Tuesday 7 February 2017

The Galt Marbles?

It is curious to think that but for a last minute payment, those fabulous ancient Greek artefacts called the Elgin Marbles could have been owned by the author John Galt - The Galt Marbles - doesn't quite have the same ring to it, does it?


Galt was in Athens at the time the marbles were being shipped back to Britain.  In his Autobiography (Part I, p158) Galt relates the circumstances behind him almost acquiring the marbles -
         "Here was a chance of the most exquisite relics of art in the world becoming mine, and a speculation by the sale of them in London that would realize a fortune.  The temptation was too great.  My correspondents at Malta were Messrs. Struthers, Kennedy, and Co., to whom I wrote to pay the bills upon receiving the stones, etc etc and I shipped myself on board the vessel that I might see her safely to Hydra, where she was to put herself under the protection of a man of war.  Accordingly that evening we sailed with our precious cargo, and next morning arrived at Hydra, from which the vessel was conveyed to Malta.  But on her arrival there, the agent for the earl paid the bills, and my patriotic cupidity was frustrated."

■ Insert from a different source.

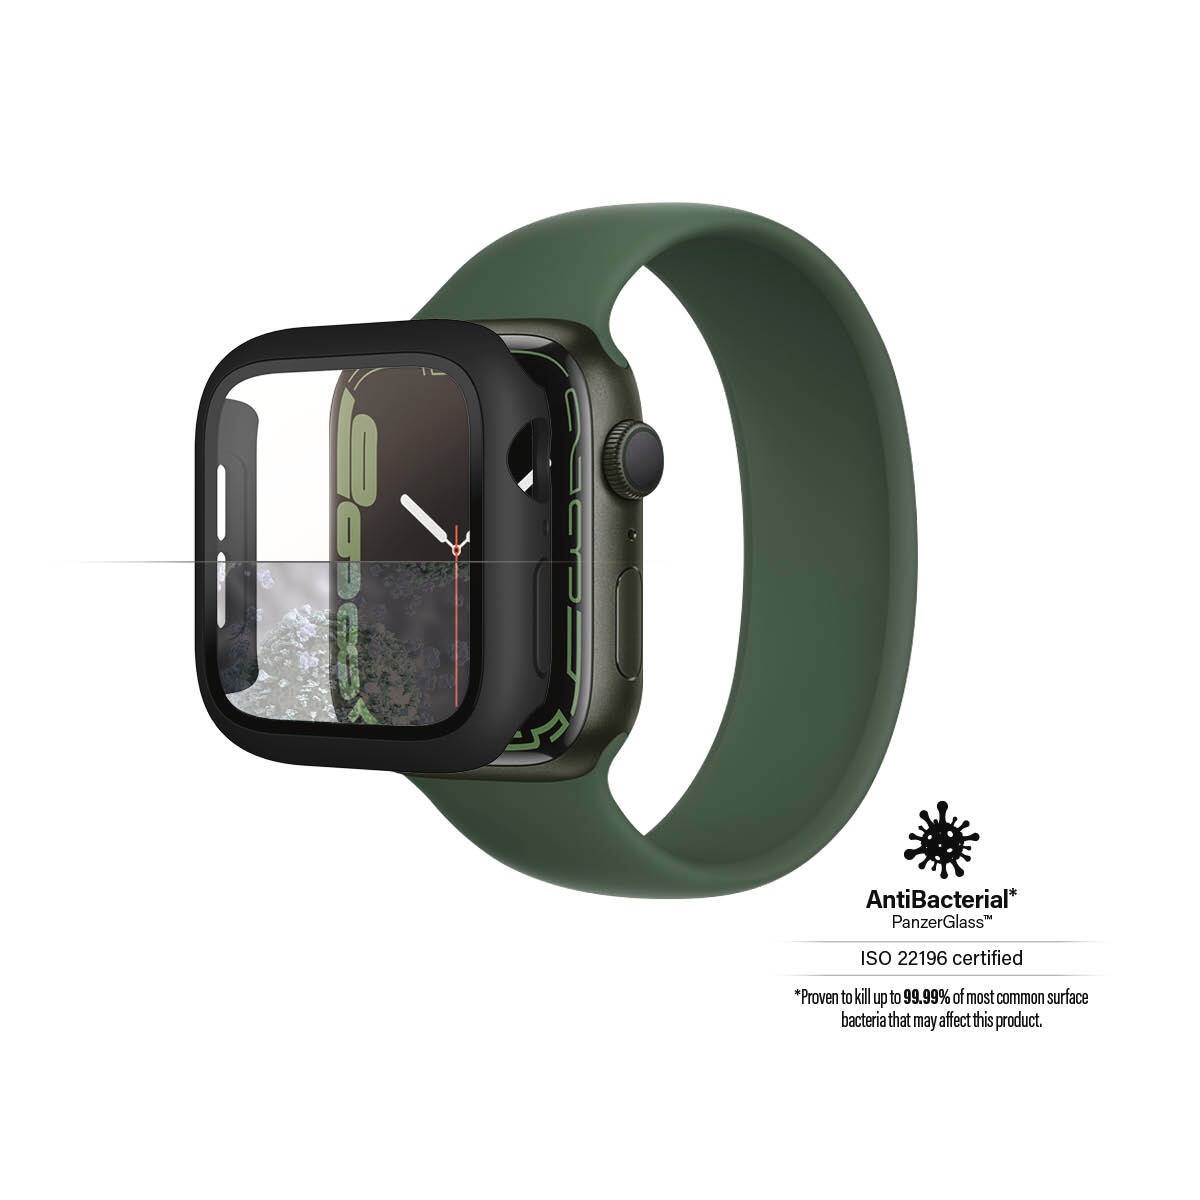 PanzerGlass Displayschutzglas »Full Body«, für Apple Watch 7 41mm-Apple Watch 8 41mm, passend für Apple Watch 7, 8 Series 41mm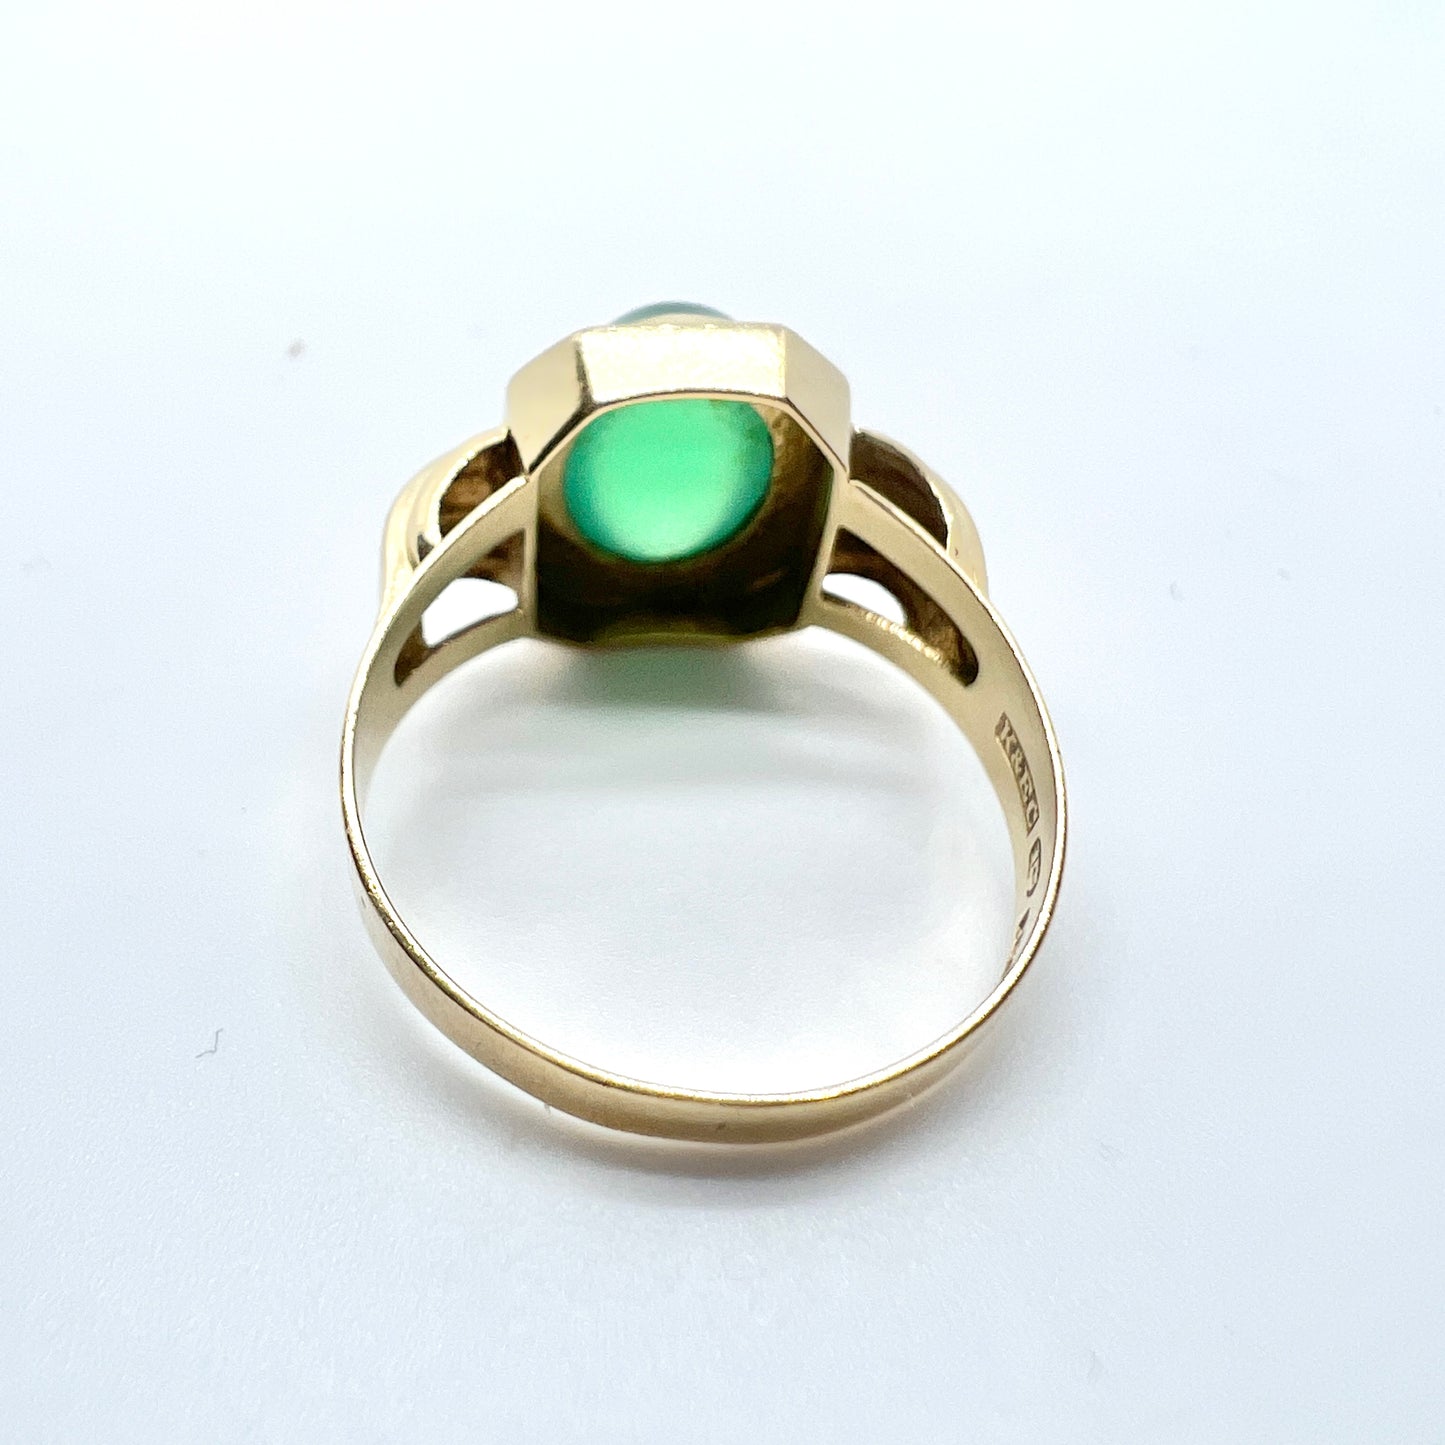 Ceson, Sweden 1955. Vintage 18k Gold Green Chrysoprase Ring

Galt does actually make fun of himself stating later - 
"... I also imbeciliated a mock heroic poem on the Rape of the Temples, in which I was myself so guilty of being accessary in art or part."  
The poem was Athenaid and he appends it in the Autobiography after telling about his part in the scheme "in the language of Goody-Two-shoes"!  I love the fact that Galt can mock himself.
Verse from Galt's Athenaid
There was (and of course still is) a lot of disapproval of Thomas Bruce, Lord Elgin (1766 - 1841) and his actions with regard to the Parthenon marbles.  Lord Byron criticised him in his epic The Curse of Minerva, which, says Galt, Byron wrote after reading his Athenaid.  
Elgin's original intention was to make drawings and casts of the sculptures. He employed Giovanni Battista Lusieri (1755 - 1821) a landscape artist and architect formerly in the employ of the King of Naples to undertake this work.  Lusieri was the agent who dealt with the matter for Elgin.  


Lord Elgin
The French Consul M. Fauvelle tried to stop Elgin from removing the marbles to Britain - he wanted them for France and Napoleon (so says Galt).  Elgin's defence was that if he did not take them they would be destroyed by the Turks or stolen by the French.  He had a firman (permit or authority) to remove them, Galt says that he saw the firman, but being unable to read Turkish was told that the Earl had permission to remove one stone.  (Autobiography, Part 1, p160).  Of course later Elgin sold the marbles to the British Government and they are on display in the British Museum in London.

So, could there be controversy today about "The Galt Marbles"?  Or did Galt make the whole thing up?!


In his Letters from the Levant (p113), Galt writes:-
     "The distant appearance of the Acropolis somewhat resembles that of Stirling Castle, but it is inferior in altitude and general effect."
Wonderful Scottish put-down!  Wha's like us?